Pourtant, à part espérer fouler les plus grandes scènes du monde pour offrir sa musique et apporter de la joie au public, Paul n’a pas vraiment d’autre projet de vie. « C’est magique ce que la musique peut apporter. J’aime partager ce que j’ai à dire avec mon piano. C’est aussi touchant de voir comment les gens réagissent », s’émeut-il dans un français parfait, lui qui fait office de traducteur pour ses parents depuis ses 7 ans.
C’est sans doute cette sensibilité qui a convaincu Steinway, le plus prestigieux fabricant de piano, d’en faire il y a quelques semaines un de ses ambassadeurs en le promouvant Young Artist de son label. « Nous ne sommes qu’une centaine dans le monde. C’est un grand honneur », se réjouit-il, toujours humble, rappelant au passage le vivier que constituent les dizaines de millions de jeunes qui jouent du piano dans le monde.
Jamais il ne s’appesantit sur les longues heures de travail qui sont nécessaires pour parvenir au niveau qui est le sien. « Les confinements, en France et maintenant en Angleterre, me permettent d’accroître mon répertoire. J’ai encore beaucoup à apprendre », se contente-t-il de dire, demandant entre-temps des conseils de lecture de classiques de la littérature française.

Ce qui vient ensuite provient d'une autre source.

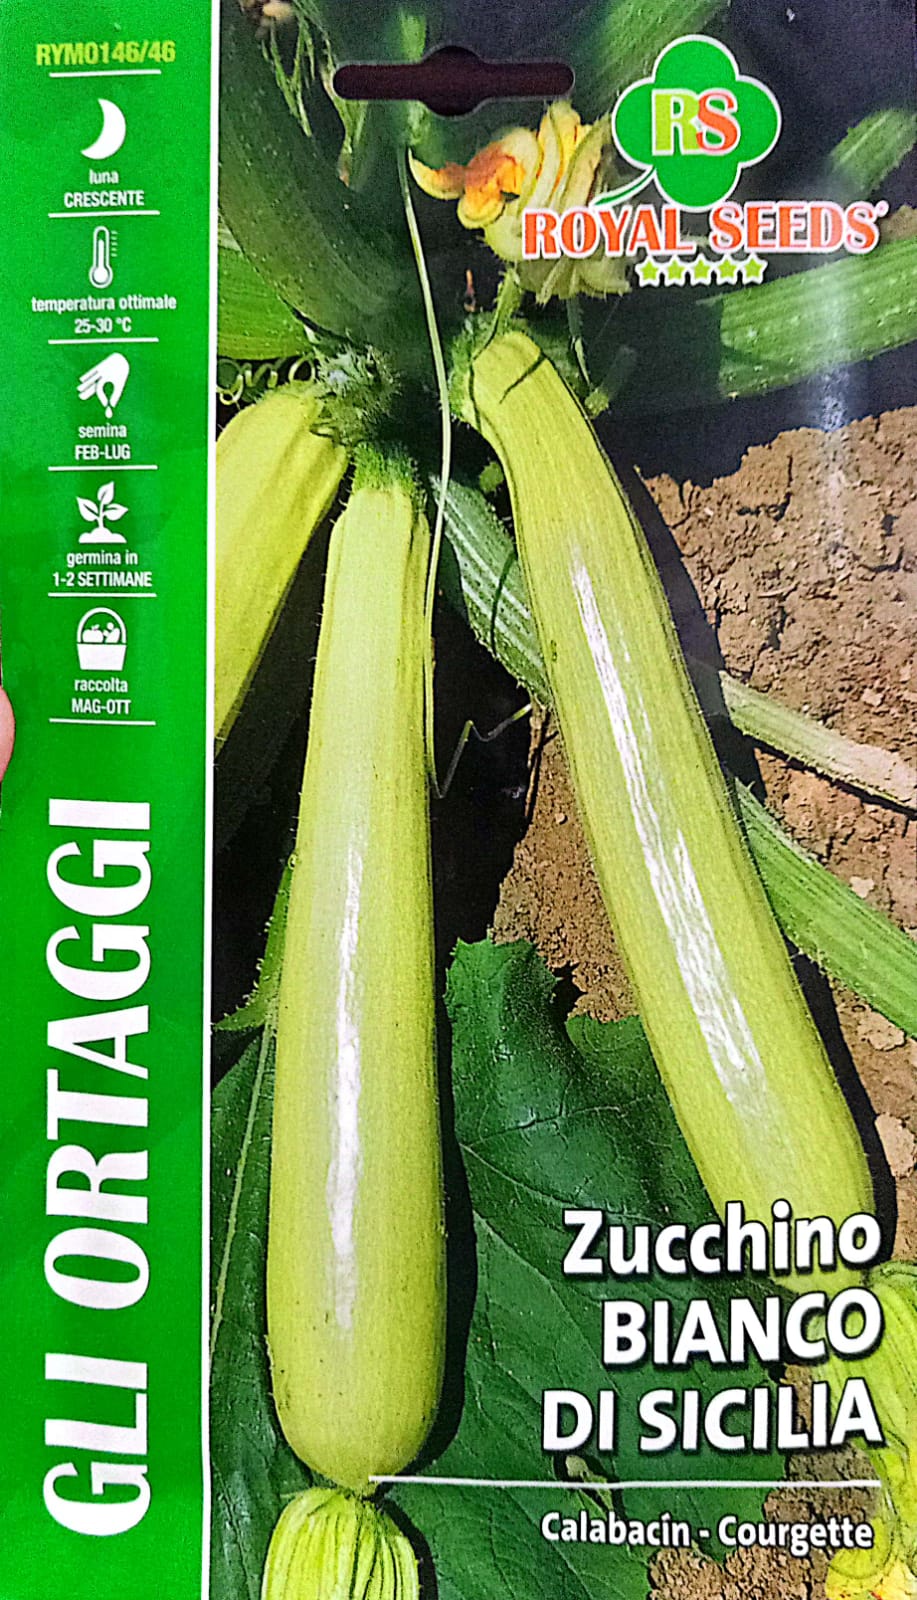 Royal Zucchino Bianco Di Sicilia 146/46

Il a offert aux soignants un concert en ligne pour le Nouvel An
Son disque mêle déjà seize titres des plus grands compositeurs comme Schumann, Debussy, Rachmaninov, enregistrés à la Seine Musicale à Boulogne-Billancourt (Hauts-de-Seine). « J’ai passé quatre jours hors du monde, se souvient celui qui demandera la nationalité française à sa majorité. Un enregistrement, c’est quelque chose de gravé, quelque chose qui reste. En direct, à la télévision, on s’exprime, c’est amusant. Là, j’ai voulu être perfectionniste, imprimer mon style. Je crois que ça m’a fait passer une étape ». Tout en gardant un peu de candeur. « Ça m’a fait bizarre de voir mon disque dans les magasins », s’amuse-t-il en effet.
Dans ses moments de doutes comme dans le texte du livret de son album, Paul pense à ceux qui souffrent et à comment les soulager. Déjà familier de l’hôpital de Fontainebleau où, avec sa sœur pianiste elle aussi, il a offert plusieurs fois une parenthèse enchantée à des malades, il veut donner une envergure supplémentaire à son projet « Music for good ».
« Je veux mettre en relation des hôpitaux et des musiciens pour organiser des concerts, explique-t-il. Il faut utiliser la musique pour faire le bien ». En attendant de pouvoir se déplacer, il a mis en ligne pour le Nouvel An un concert dans lequel se produisent des jeunes talentueux comme lui, dont la plupart ont participé à Prodiges. Un concert que, fidèle à son grand coeur, il dédie aux soignants et aux scientifiques qui ont trouvé des vaccins.
Paul Ji, Piano, « Prodiges 6 », chez Warner, 16,99 euros dans les magasins. Disponible également sur les plateformes de téléchargement.